[[ Data to use, beginning ]]

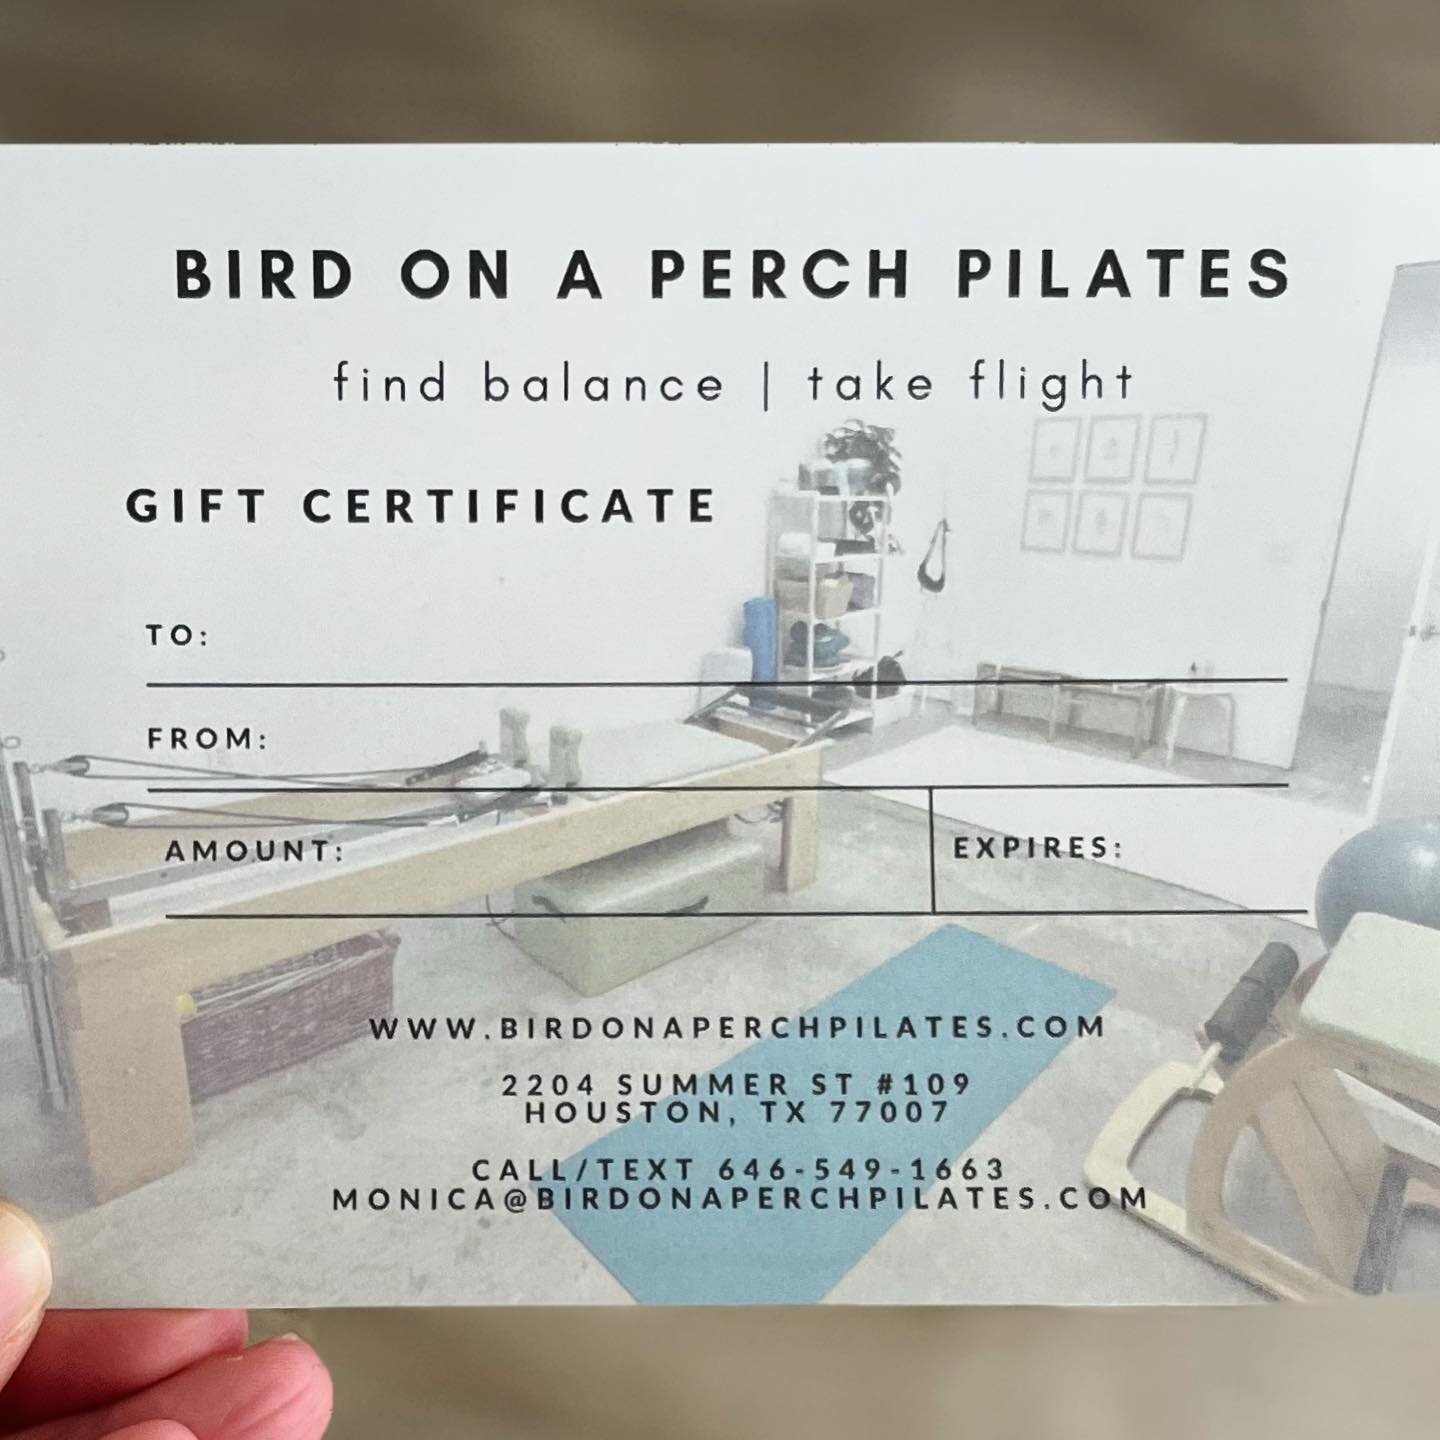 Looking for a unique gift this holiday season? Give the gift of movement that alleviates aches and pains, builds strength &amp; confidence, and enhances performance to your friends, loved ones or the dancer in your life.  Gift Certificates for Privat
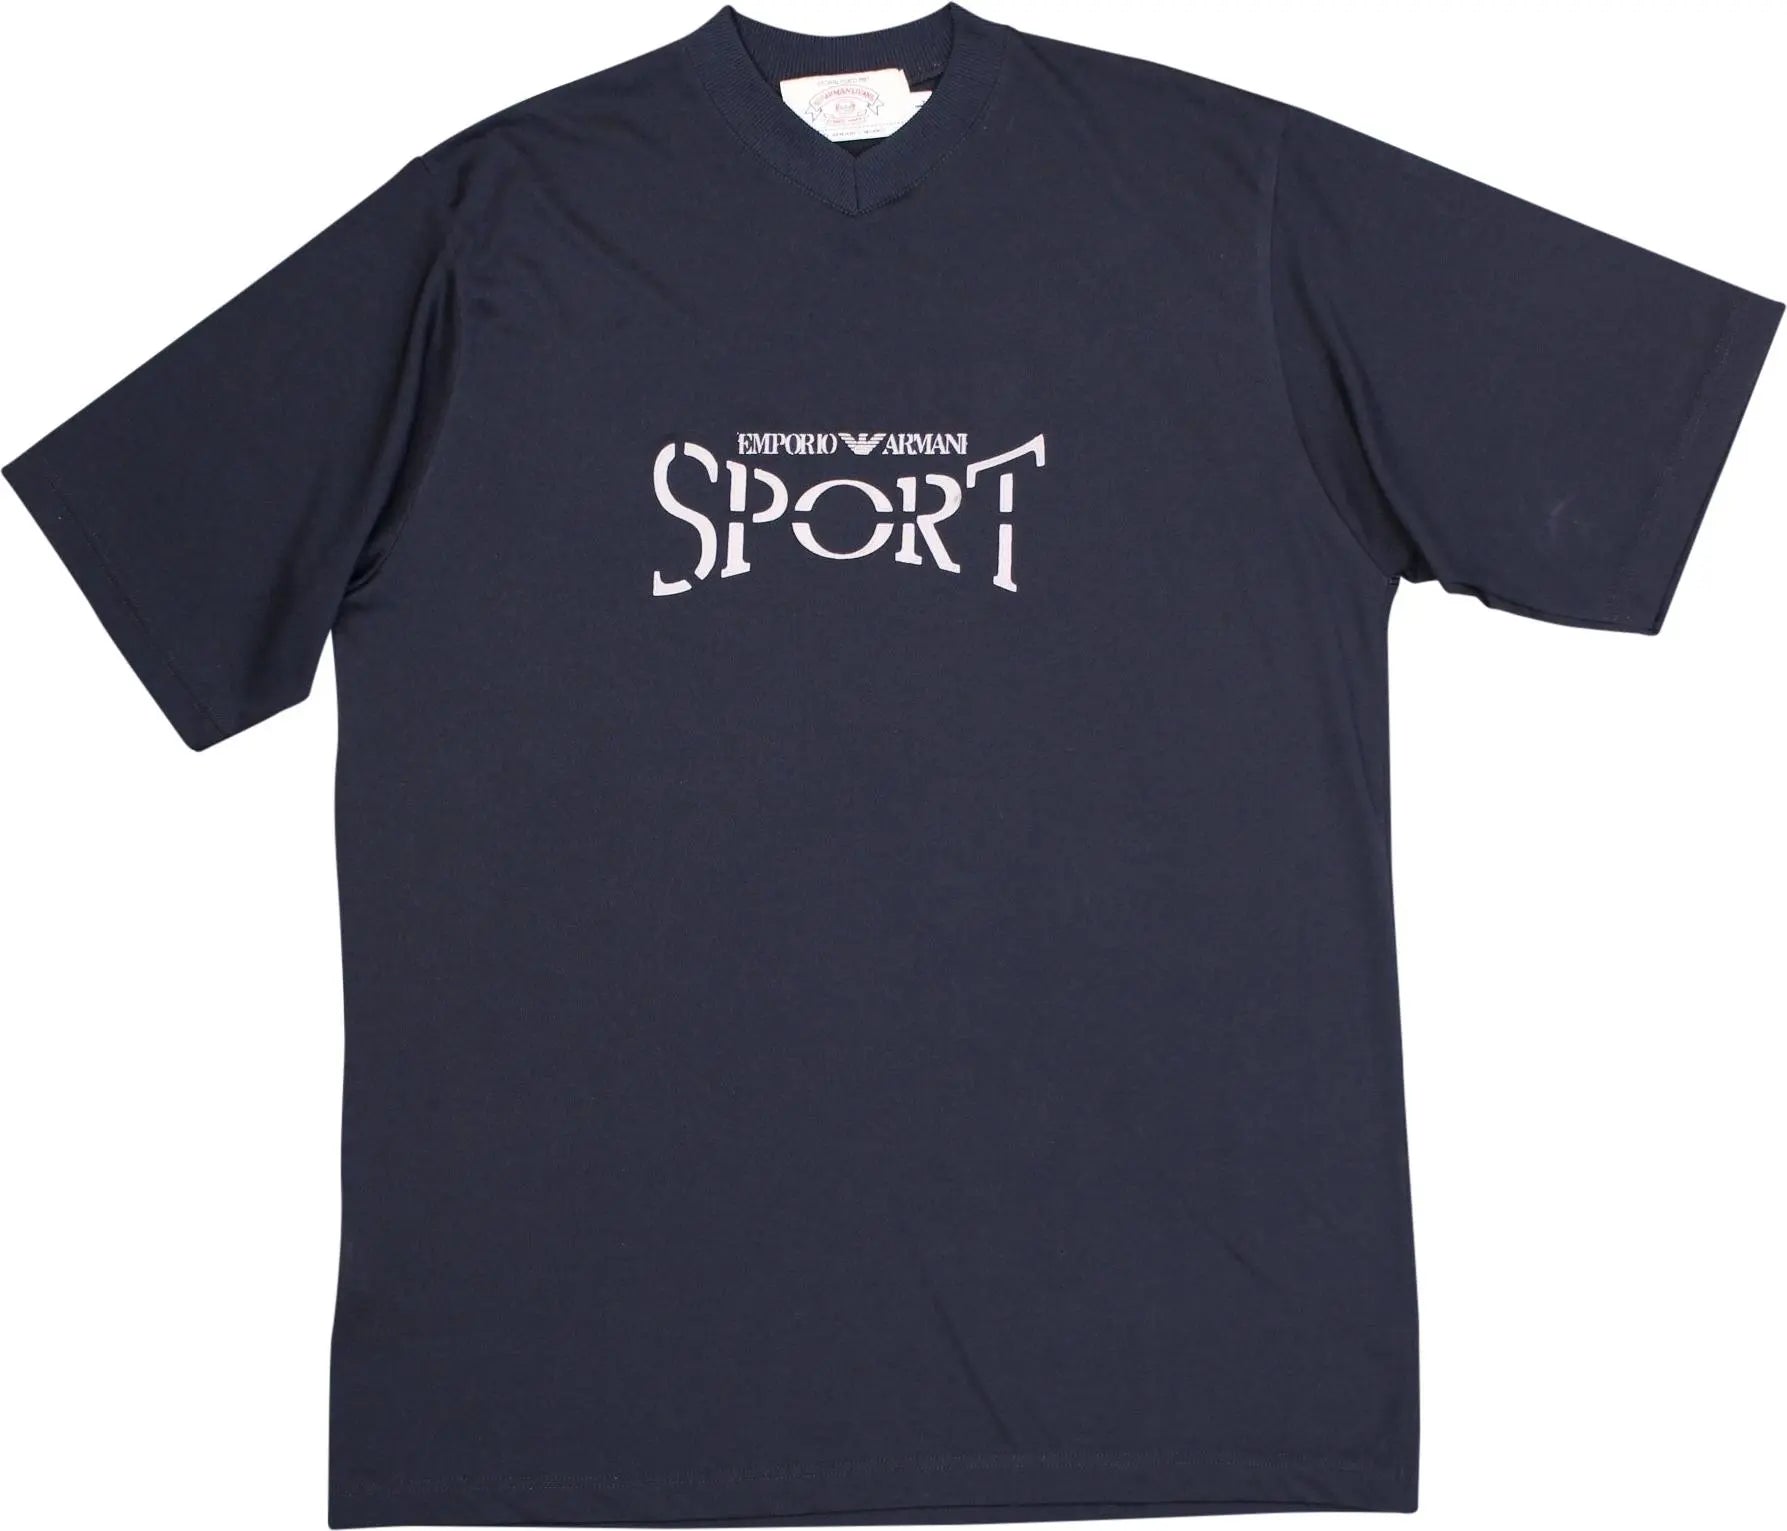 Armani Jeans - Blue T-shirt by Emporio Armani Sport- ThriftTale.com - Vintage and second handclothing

[[ Data to use, end ]]
[[ Data to use, beginning ]]

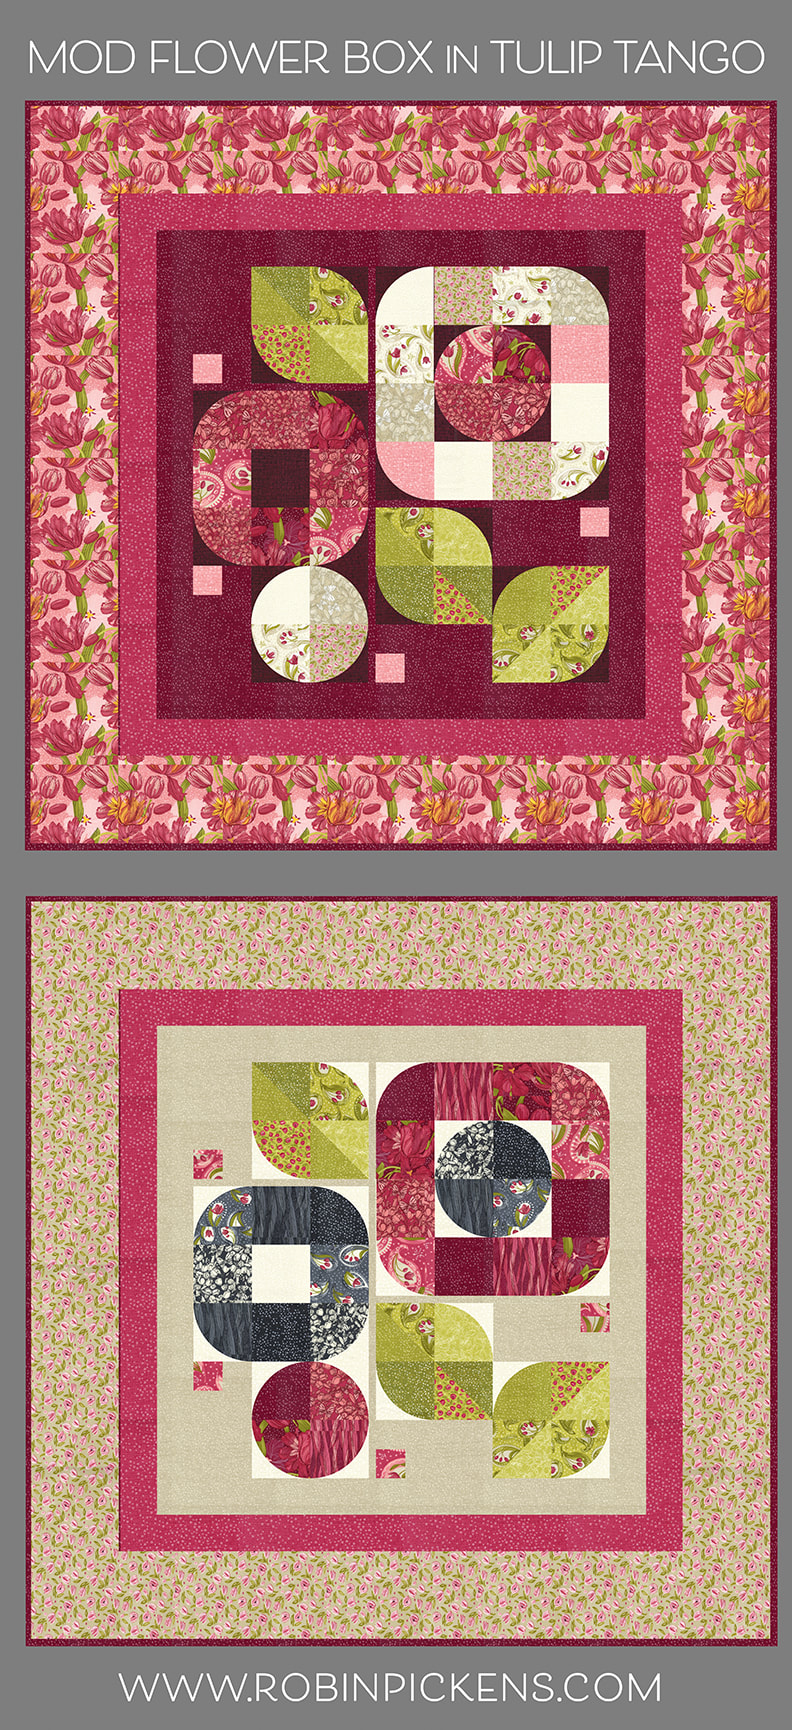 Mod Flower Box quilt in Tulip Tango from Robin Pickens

[[ Data to use, end ]]
[[ Data to use, beginning ]]

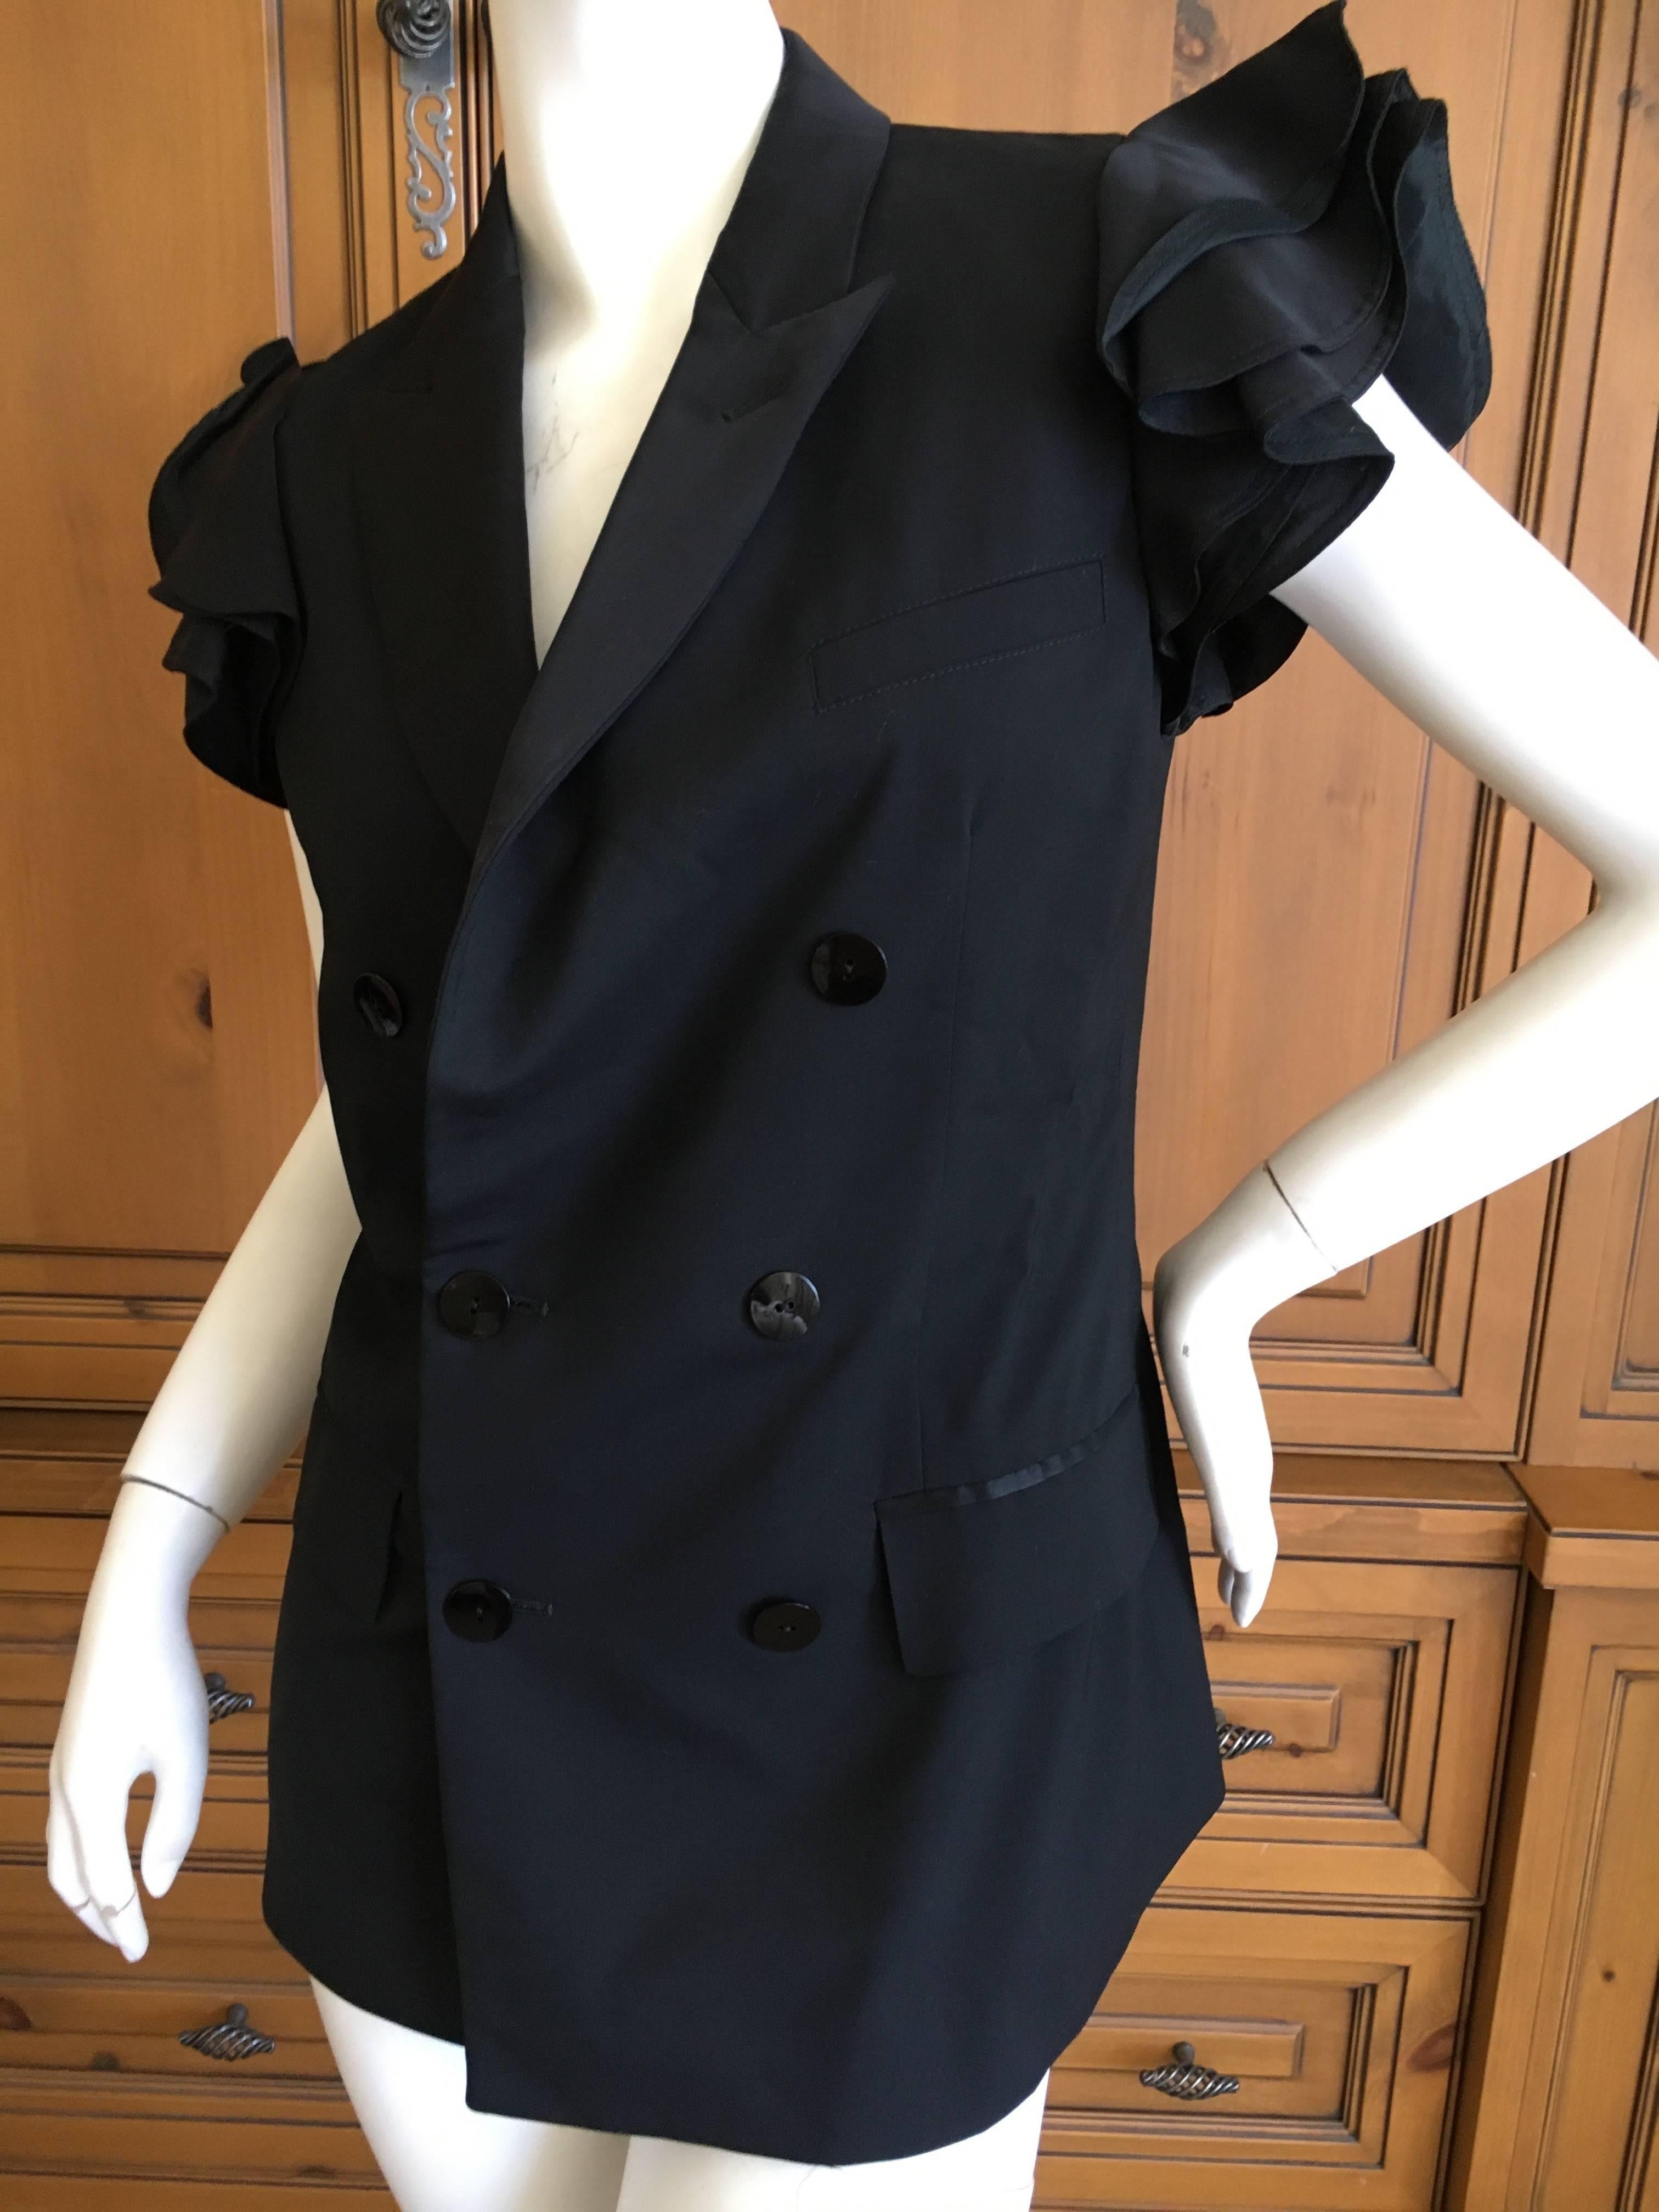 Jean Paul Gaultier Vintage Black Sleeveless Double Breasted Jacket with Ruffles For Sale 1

[[ Data to use, end ]]

Print exactly the lines above that run from the one with "Looking for a" down to the one with "Armani Jeans - Blue", and omit the pictures.

* _Solved exercise_:
 Looking for a unique gift this holiday season? Give the gift of movement that alleviates aches and pains, builds strength &amp; confidence, and enhances performance to your friends, loved ones or the dancer in your life.  Gift Certificates for Privat
 Armani Jeans - Blue T-shirt by Emporio Armani Sport- ThriftTale.com - Vintage and second handclothing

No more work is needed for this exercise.